Human nature has not meaningfully changed over recorded history. The same drives that animate us—fear, ambition, curiosity, love—also animated them. What we call ‘progress’ is not the refinement of human nature itself but merely the alteration of the structures that shape its expression. Where life is harsh, people become hard. Where life is uncertain, they become superstitious. Where authority is absolute, they become obedient. And where comfort is plentiful, they become soft. But these are not transformations of what man is, only of how he manifests under different conditions. The Vikings, whom we recognize as strong and enduring, rowed their ships from necessity, not from some innate love of hardship. If offered an outboard motor, they would have taken it without hesitation. Their strength, so unusual to our eyes, was not a trait unique to their nature but a response to their circumstances.

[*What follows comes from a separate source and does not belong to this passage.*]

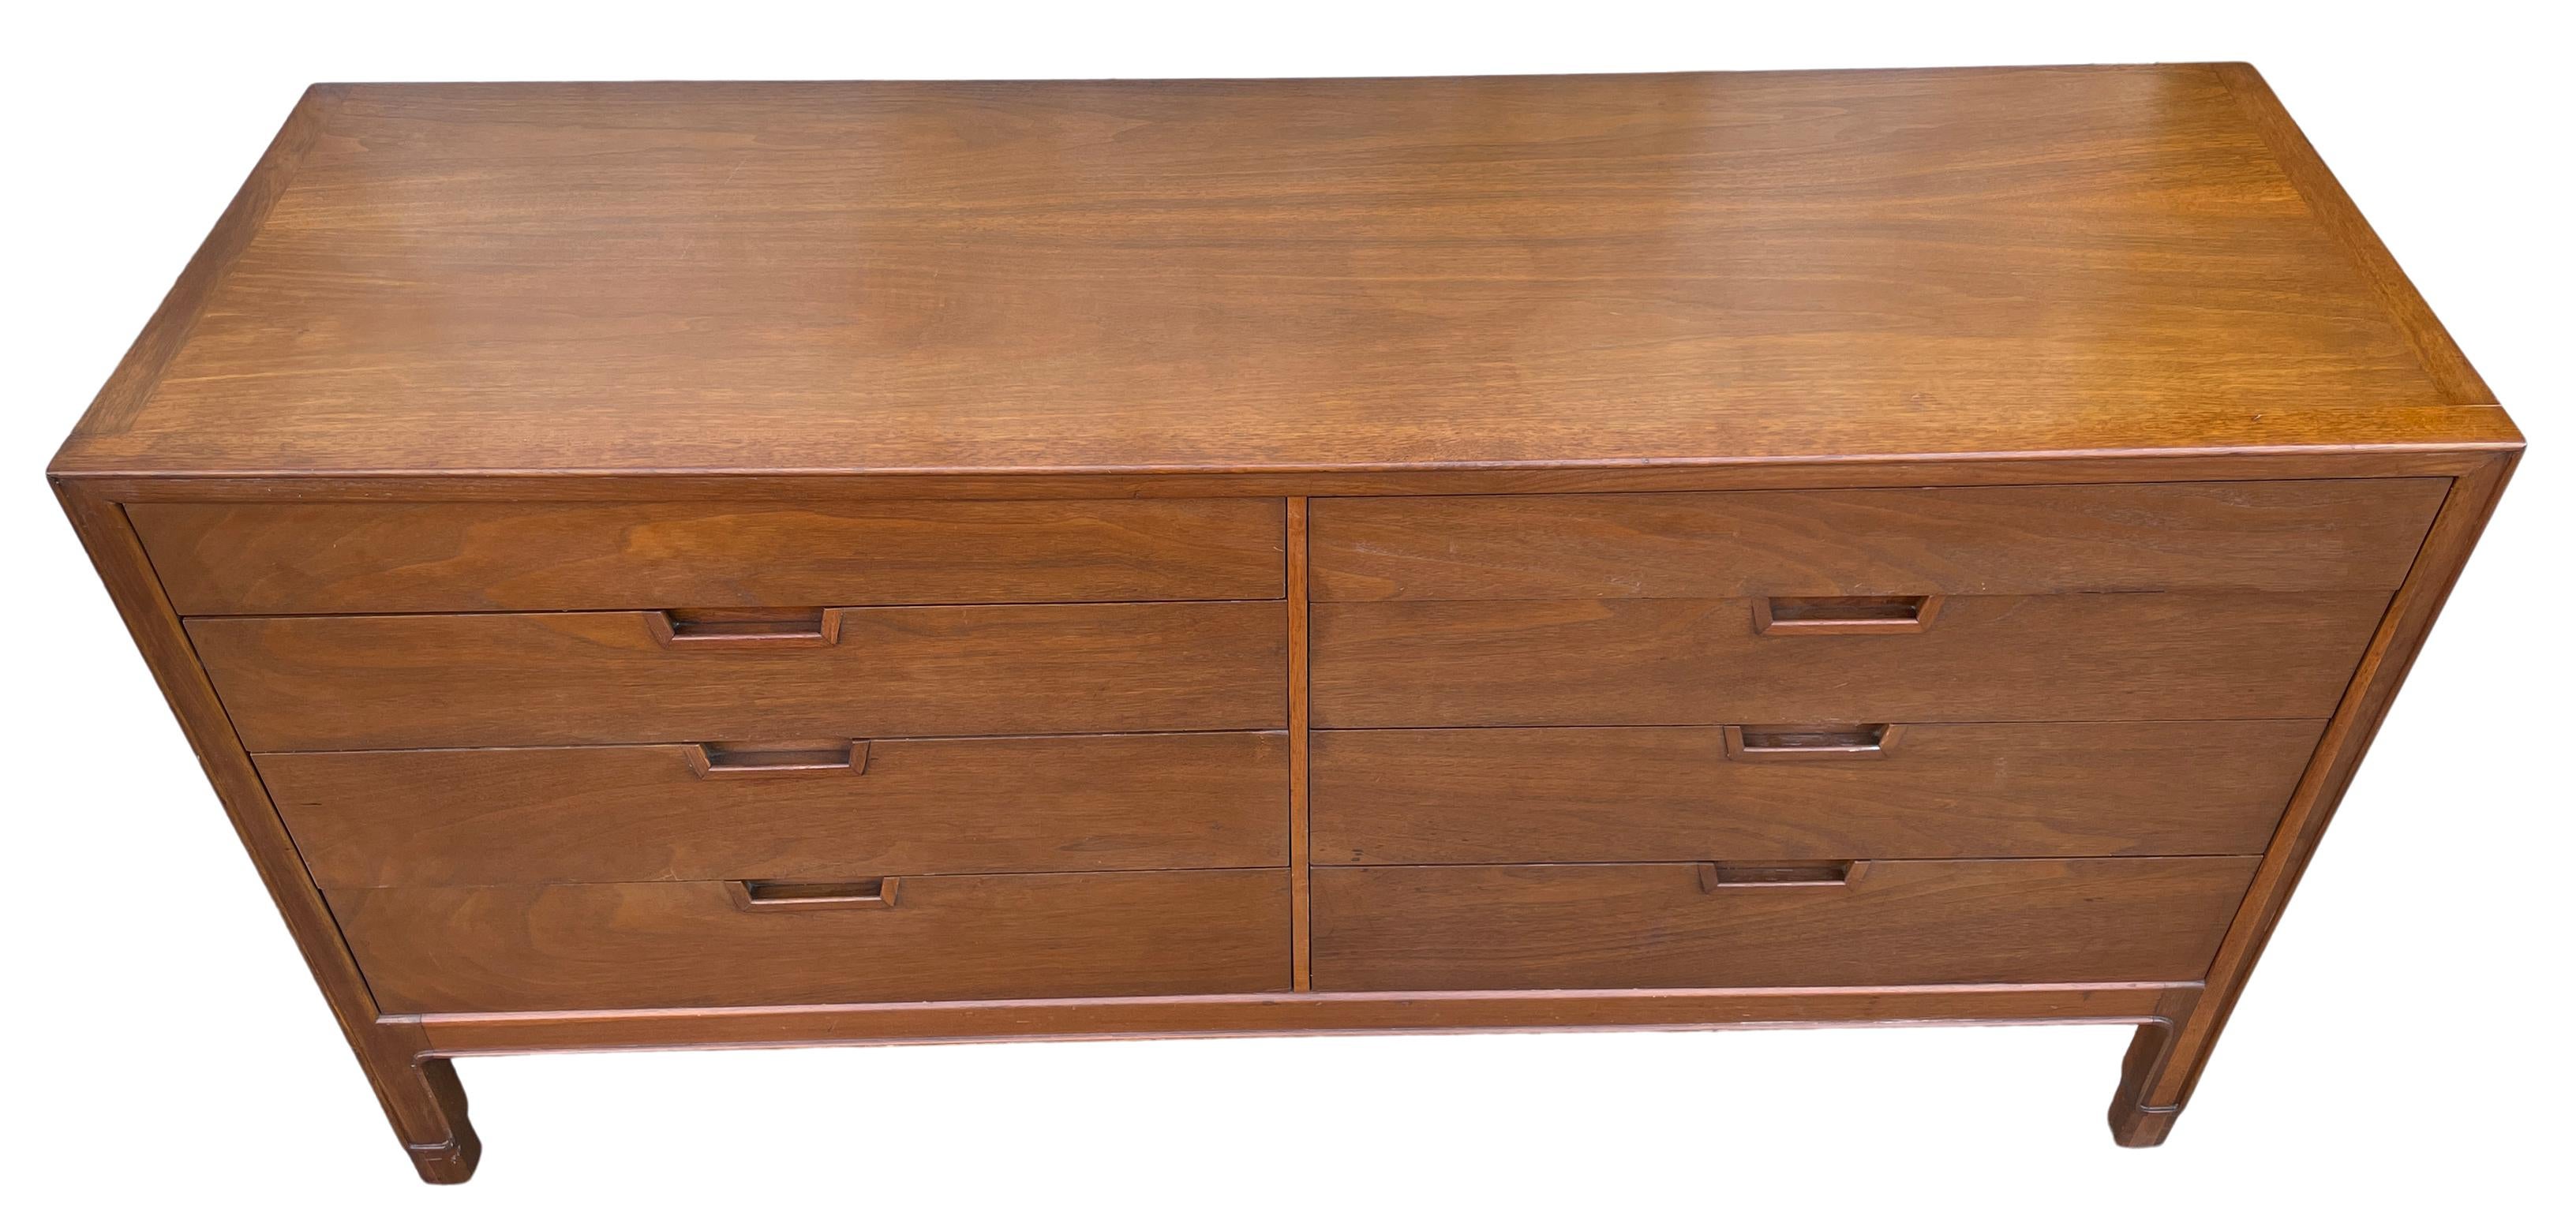 Mid-Century Modern American 8 drawer dresser by Janus. Great walnut 8 drawer dresser - solid wood construction. Beautiful Carved handles all drawers slide smooth - clean inside and out. Great American Designed Dresser. Located In Brooklyn NYC.

If one doubts this, let them perform a simple thought experiment. Take an infant from the Roman Empire, from medieval France, from Edo-period Japan, and raise him in the modern world. He will grow into a person indistinguishable in nature from his contemporaries, inheriting none of the instincts or attitudes we attribute to his time of birth. Likewise, deposit a child of today into those past societies and watch him become as rigid, as pious, as warlike as those circumstances demand. The distance between us and the people of history is no greater than the distance between those shaped by wealth and those shaped by hardship today. The differences are real, but they are imposed from without, not expressed from within.
The past often seems distant because its customs and values no longer resemble our own. The moral codes feel unfamiliar, the sensibilities unrecognizable, the way of life remote. We imagine its people as belonging to another world. But history is not the study of a vanished species; it is the study of ourselves under different pressures. The man who burned heretics at the stake, the woman who wept for the death of a tyrant, the soldier who killed without stutter—these were not alien beings but men and women like us, shaped by the world they knew.
This understanding changes how history ought to be read. It is not the chronicle of strange, unreachable minds, but the unfolding of our own nature within ever-changing circumstances. When we read of history, we should not do so with detached curiosity. We should read as though exploring the actions of our own past selves.